Takaichi previously drew attention back in September when she said that it would be “stupid” to raise interest rates and that a weak yen has many upsides in addition to downsides. This rhetoric has led to the yen weakening against the US dollar. A weaker yen, which benefits Japanese exporters, also contributed to the Nikkei 225’s October surge.
Takaichi has also ordered a fresh package of economic measures to address the cost of living crunch, labelling it as a top priority, backed by a supplementary budget due by year-end, and a new long-term growth strategy targeted for mid-2026.
Catalysts behind the bull run
Improved trade sentiment has also underpinned Japanese equities. Late-stage US-China negotiations helped ease trade concerns, while moderating inflation data also indicated that tariff-related passthroughs are more modest than feared.
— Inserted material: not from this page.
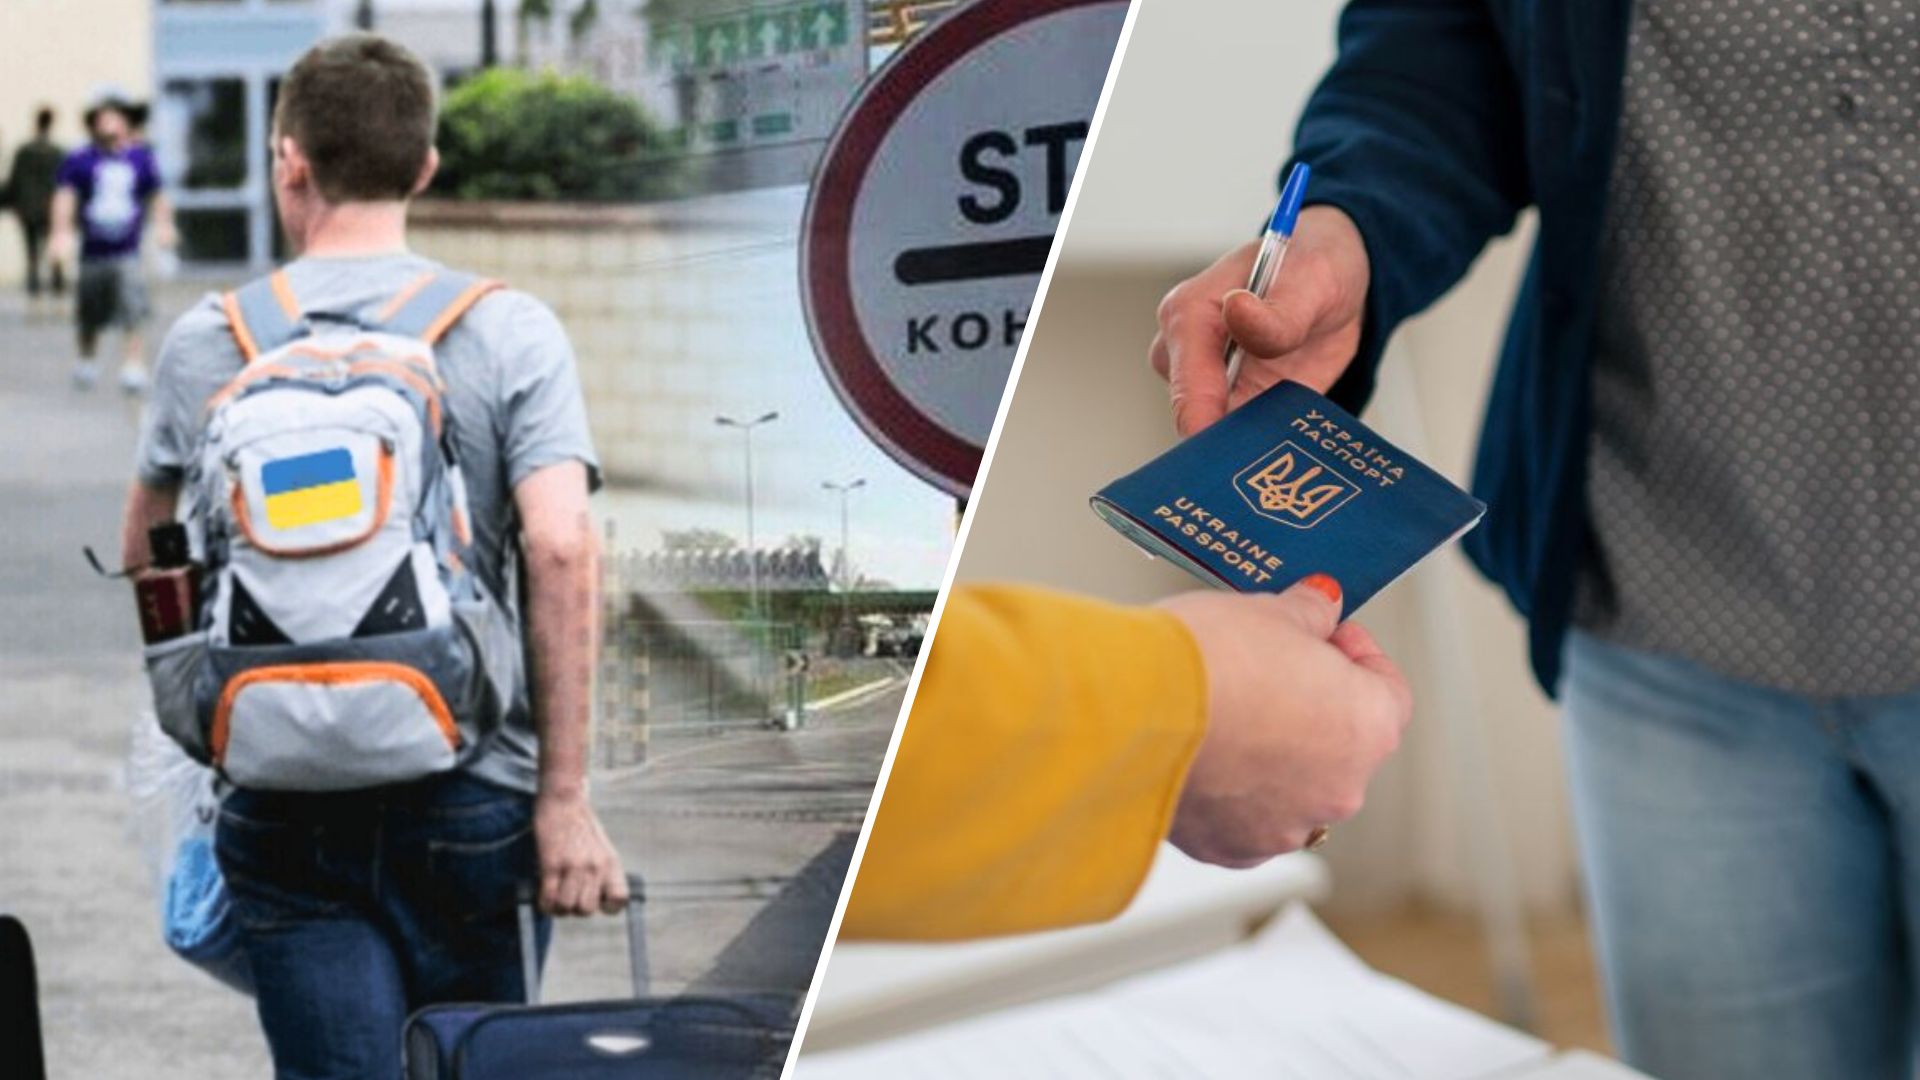 Нужен "специальный" документ: какой "сюрприз" ждет украинских мужчин за границей

A new Japan-US deal to lower and cap tariffs on auto exports in exchange for a US$550bn investment pledge further supported optimism.
Domestically, both the Tokyo Stock Exchange and the Japanese government have been pressing companies to improve shareholder returns. Tactics range from share buybacks to more unconventional efforts, such as gift distributions at Annual General Meetings, to cultivate retail-investor loyalty. Heightened shareholder activism is also compelling management teams, long criticised for cash hoarding, to deliver credible growth strategies.
Nikkei 225 outlook
In our view, we see the Nikkei 225 currently hovering close to fair value, with further upside largely dependent on Takaichi’s upcoming economic package. While systemic risks have narrowed, policy missteps in the US or renewed geopolitical tensions could still unsettle markets in 2026. Corporate earnings will likely take centrestage as the differentiator for stock performance. With the Nikkei 225 trading at fresh all-time highs, we believe that much of the good news could already be priced-in, leaving little margin for error.
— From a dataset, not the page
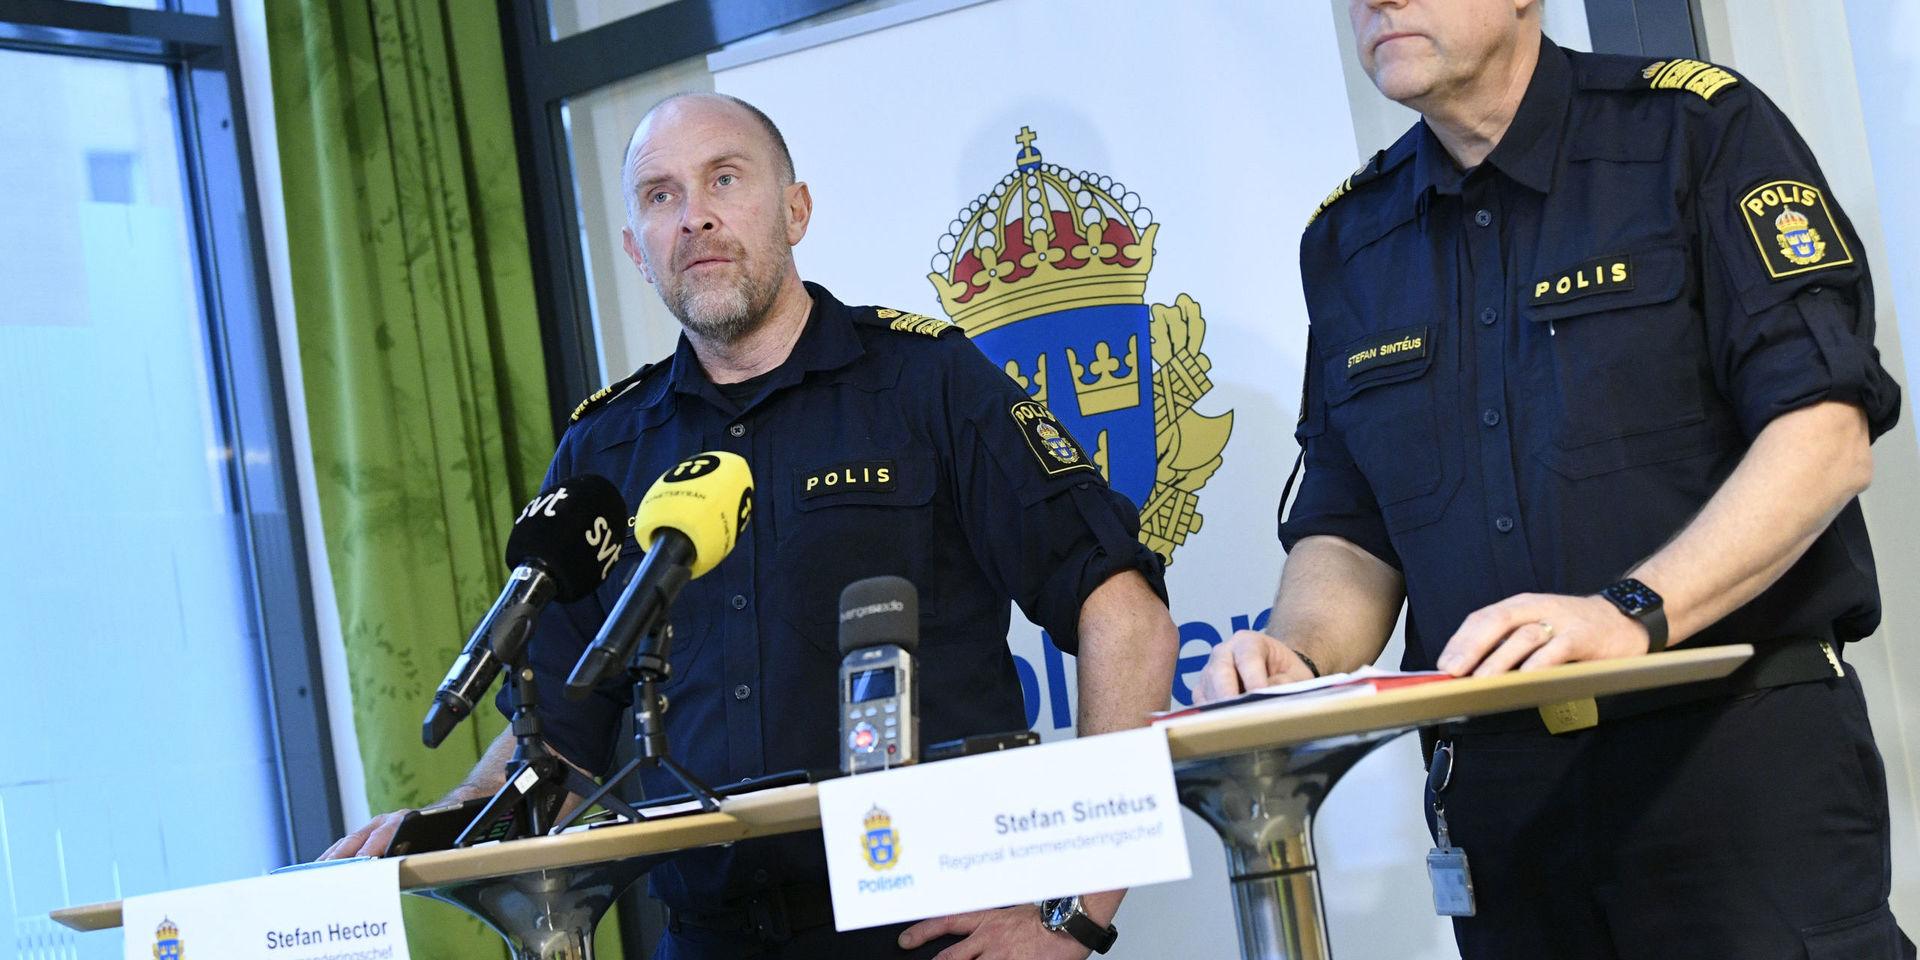 Stefan Hector, nationell kommenderingschef för Operation rimfrost och Stefan Sintéus, regional kommenderingschef, på en pressträff i Malmö.

In Japan, key policy milestones to monitor include the earlier mentioned year-end budget allocation and Takaichi’s long-term growth strategy in mid-2026. Currency swings, particularly a stronger yen, remains a key risk. Bank of Japan governor Kazuo Ueda Ueda did not rule out hiking rates despite ongoing budget preparations while Toyota estimates that every one yen move in USD/JPY shaves roughly 50 billion yen (S$424 million yen) from operating profit.
From a valuation perspective, the Nikkei remains appealing, trading at an approximate 21 per cent discount to the S&P 500 (TTM P/E 23.4x vs 28.5x) and just below its own five-year average of 24.5x. Structural supports such as artificial intelligence-related growth, corporate governance reforms, cross-holding unwinds, Nippon Individual Savings Account inflows, and active shareholder engagement continue to underpin Japan’s long-term equity story.
Nikkei 225 technical outlook
On the Osaka Nikkei 225 Mini Futures, the contract has rallied from its April low of 30,650 yen, to test the 51,120 yen mark (200 per cent Fibonacci extension) before the Nov 5 tech-led sell-off.
The 50-day moving average remains above the 200-day average, confirming a bullish setup, while the 14-day RSI at 60 suggests that the market is slowly approaching overbought territory.
We expect a potential re-test of the key support levels at 48,704 yen (176.4 per cent Fibonacci extension), with a deeper floor at 47,210.23 yen (161.8 per cent Fibonacci extension).
A well-received economic package could, however, lift the index back towards the 51,120 yen level (200 per cent extension) and potentially even higher at 53,535 yen (223.6 per cent extension).
However, in the short term we remain cautious of asymmetric downside risk, as markets appear more vulnerable to a larger drawdown than a rebound to test all-time highs. We believe this asymmetric risk warrants more conservative stop losses in trading setups.